JavaScript regex syntax

The explanation follows JavaScript RegExp behavior; MDN's Regular expressions reference is the baseline for atoms, assertions, groups, character classes, and flags.

For ECMAScript compatibility, backreferences, lookahead, lookbehind, and Unicode flag behavior should still be checked in the target runtime; this tool explains intent but does not guarantee runtime support.

How flags change results

`i` changes case sensitivity, `g` searches globally, `m` changes start and end anchors across lines, and `s` allows the dot token to include line terminators.

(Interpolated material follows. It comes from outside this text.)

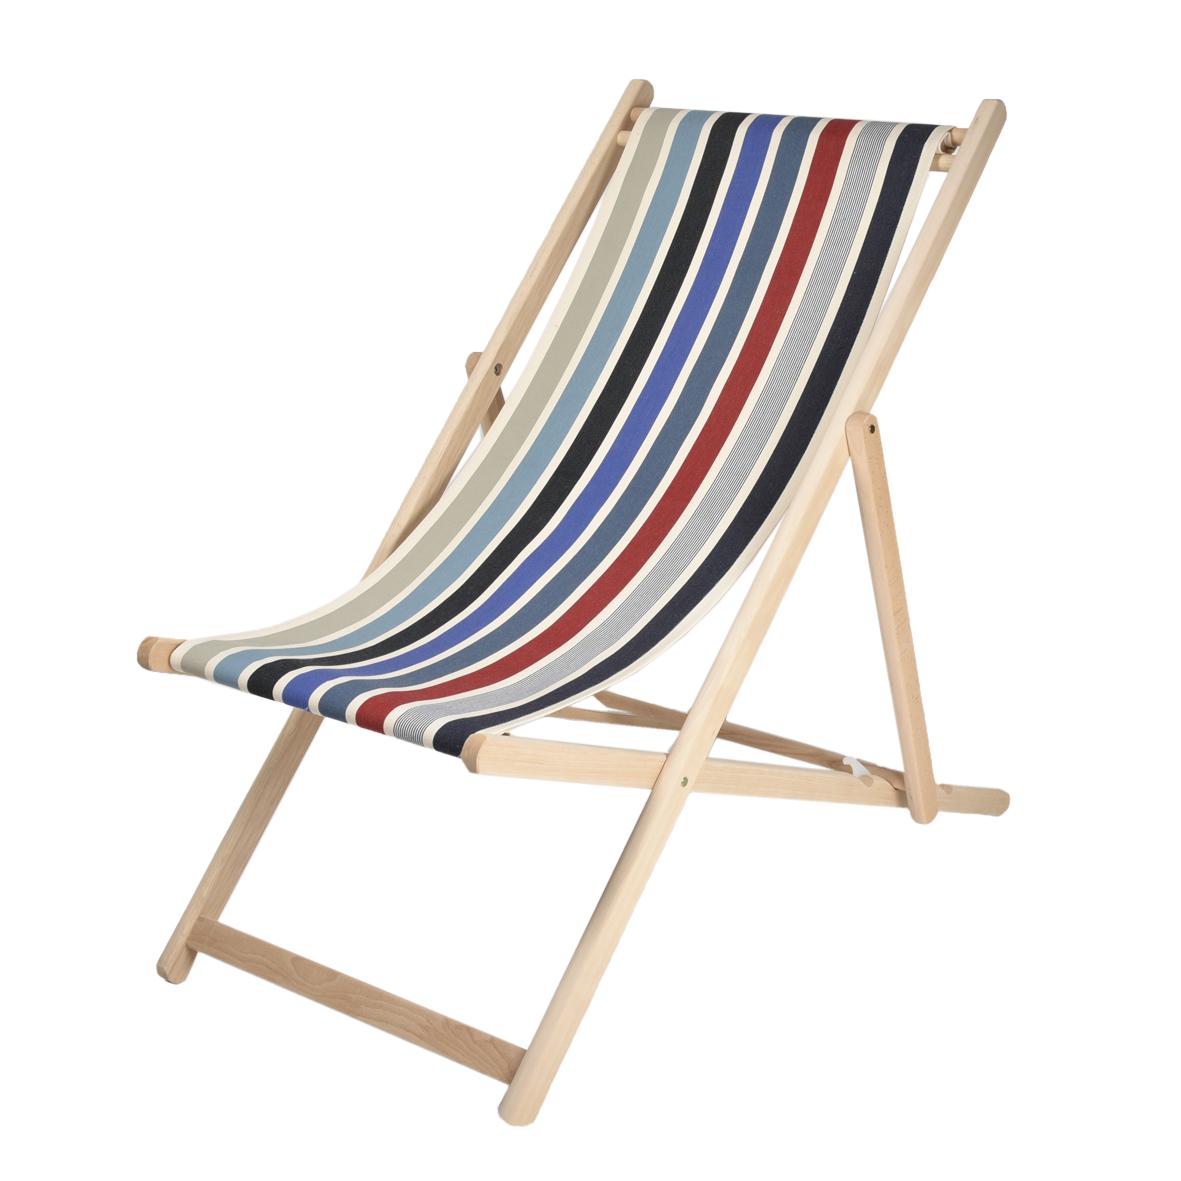 Toile à transat - prête à poser - pour chilienne/chaise longue GARLIN MARINE
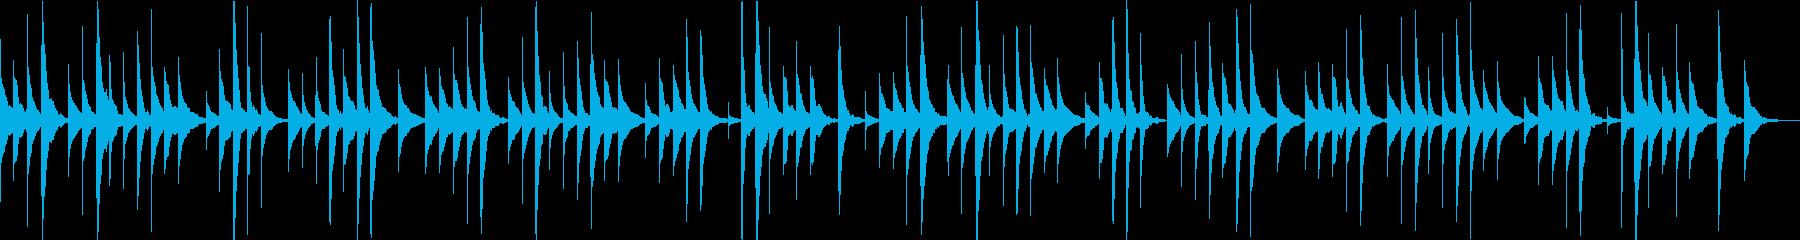 ロンドンデリーの歌のオルゴールアレンジの再生済みの波形

`u` and newer `v` affect Unicode interpretation, so flag choice matters heavily for emoji, combined characters, and Unicode property escapes.

How to read the token output

The token list moves from left to right and separates the visible symbol, short meaning, and structural effect for each item.

When groups and alternations are nested, read from the outer boundaries first; confirm anchors and main branches before inspecting character classes and repeat counts.

Performance and ReDoS warning

OWASP's Regular Expression Denial of Service guidance explains that nested repetition and overlapping alternatives can cause exponential slowdowns in some regex engines.

Before using user-facing patterns such as `(.+)+`, `(a|aa)+`, or broad unbounded repeats in production, add timeouts, input length limits, and server-side tests.

Security and scope limits

The tool explains patterns in the browser; it is not a security filter, HTML sanitizer, password policy engine, or access-control decision system.

For critical validation, combine official platform documentation, unit tests, and negative examples; mask sensitive production samples before pasting them into online tools.